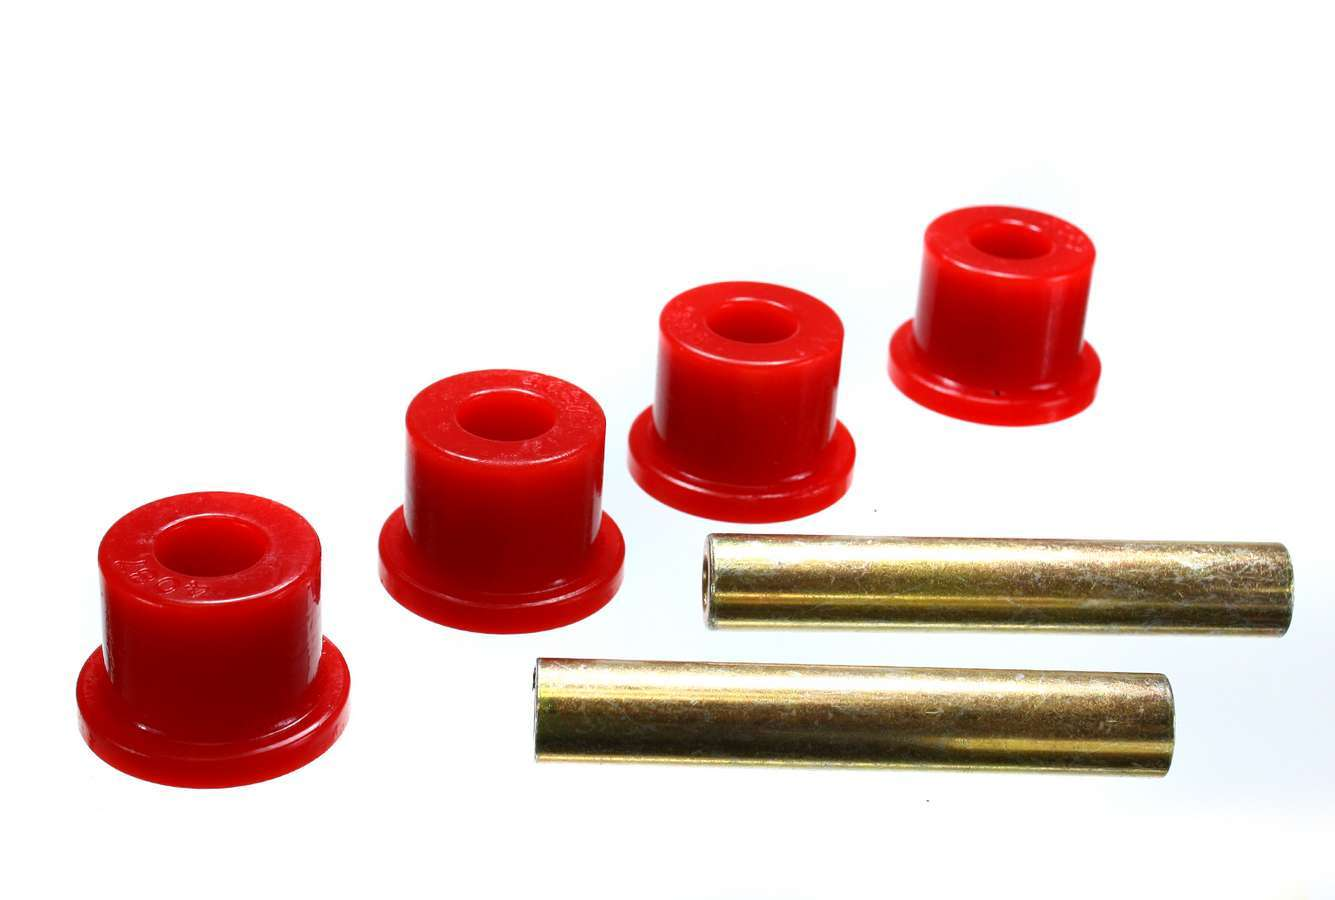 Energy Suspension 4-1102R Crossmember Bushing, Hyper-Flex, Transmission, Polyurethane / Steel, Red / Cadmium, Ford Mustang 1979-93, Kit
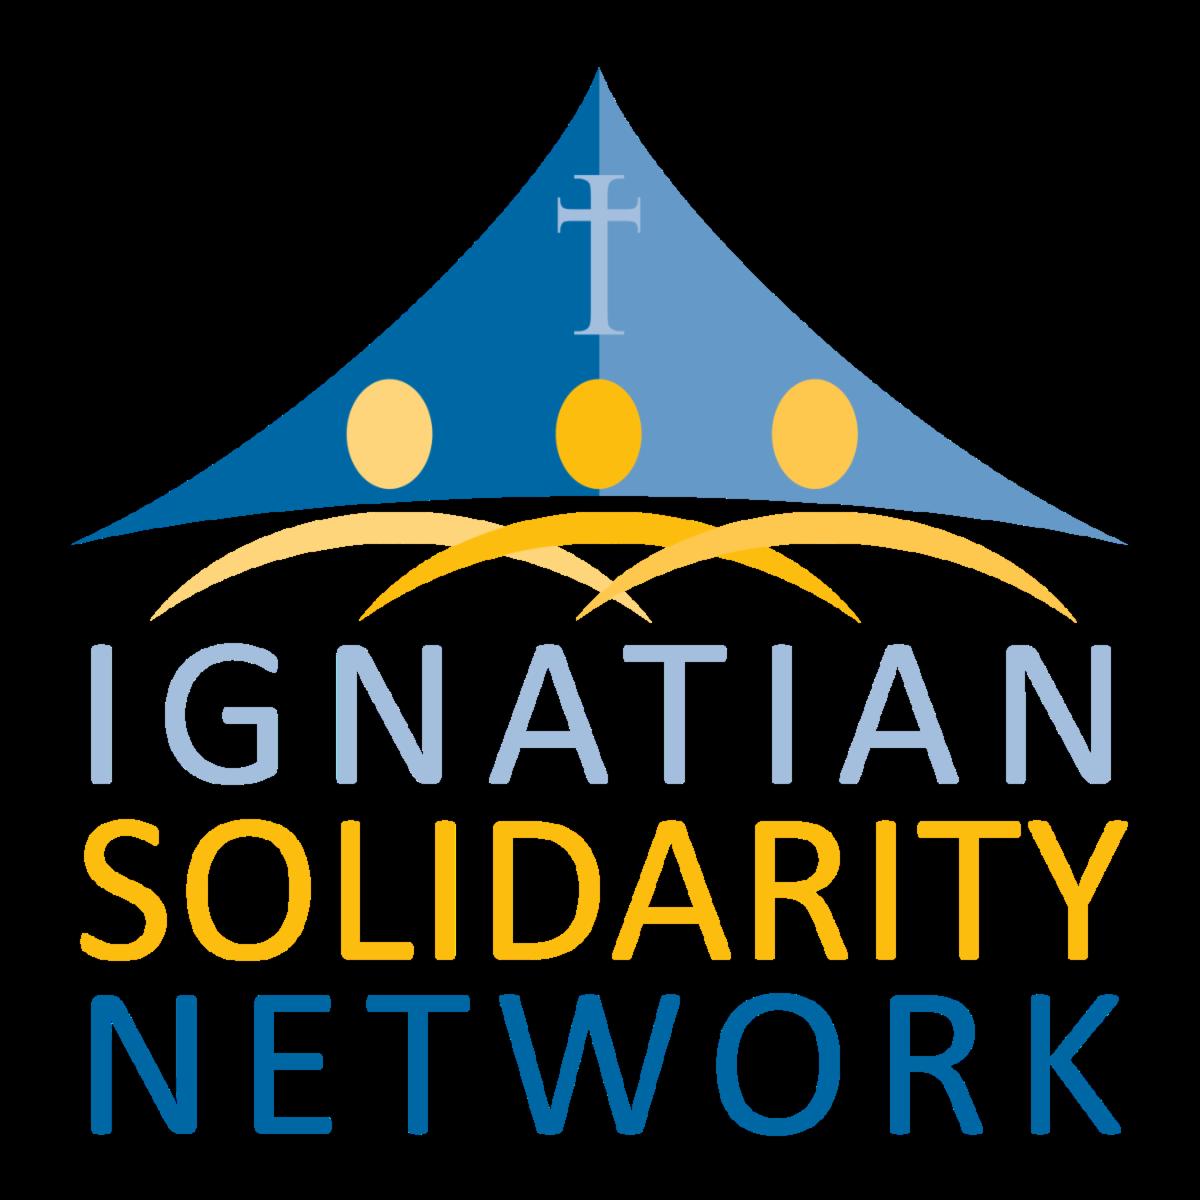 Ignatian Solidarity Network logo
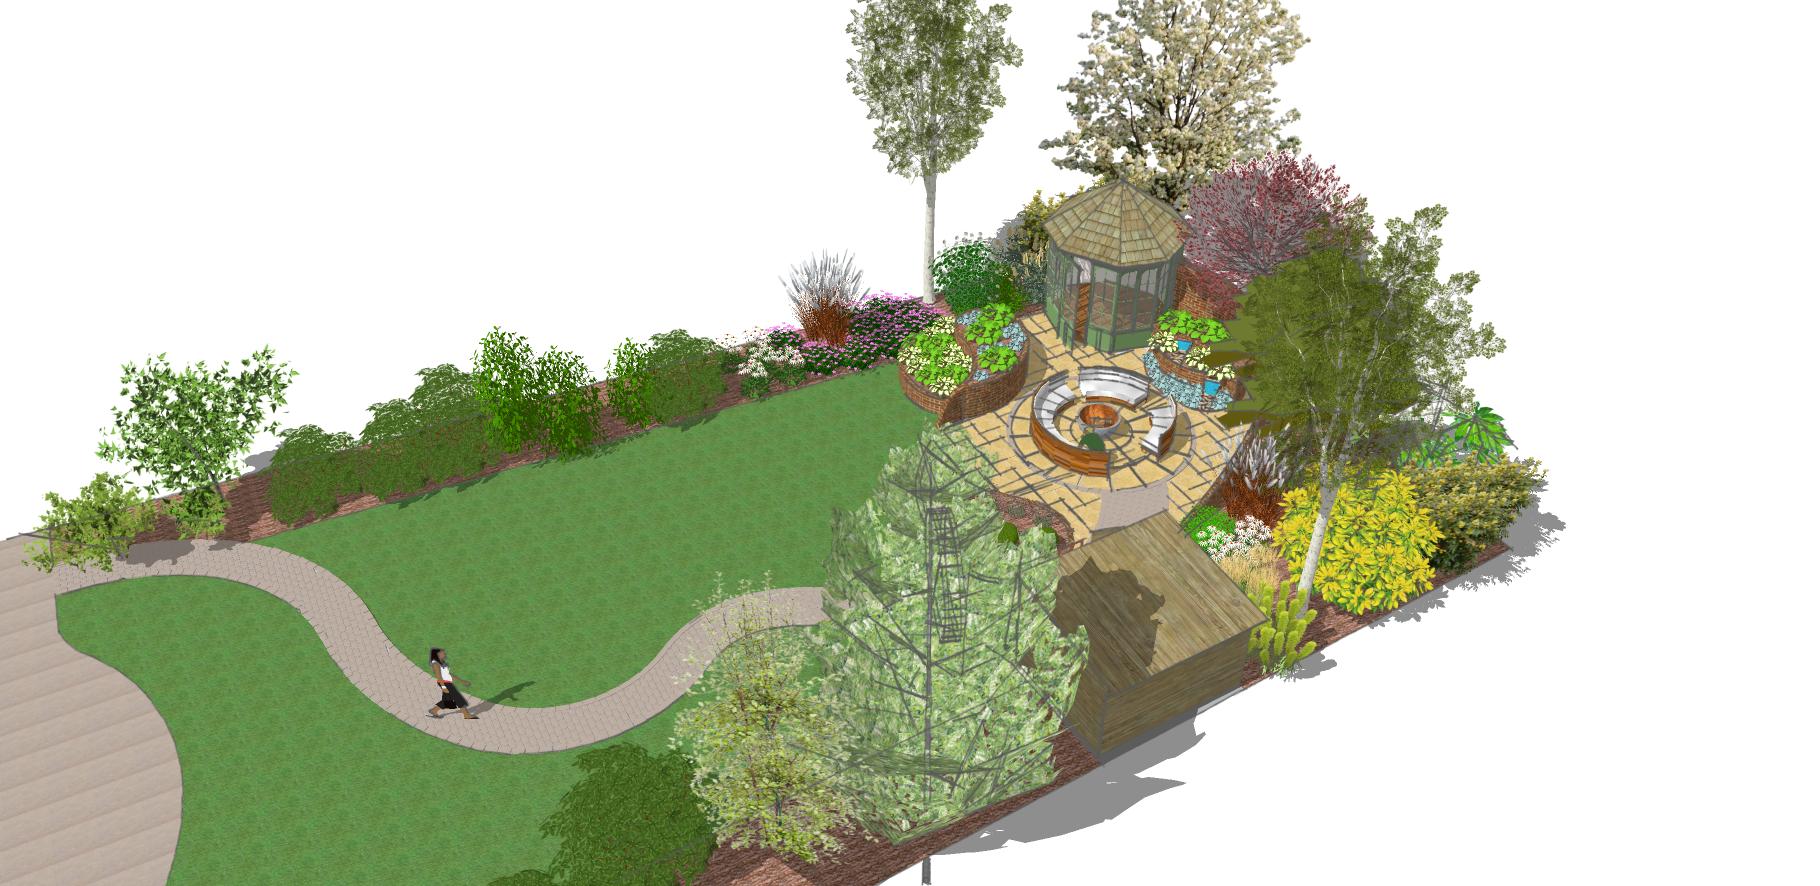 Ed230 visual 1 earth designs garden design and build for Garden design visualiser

• • •

**Exercise objective:** Print the data above in full and exactly as it appears, skipping the pictures.

**Solution to the problem:**
 Energy Suspension 4-1102R Crossmember Bushing, Hyper-Flex, Transmission, Polyurethane / Steel, Red / Cadmium, Ford Mustang 1979-93, Kit
 Ignatian Solidarity Network logo
 Ed230 visual 1 earth designs garden design and build for Garden design visualiser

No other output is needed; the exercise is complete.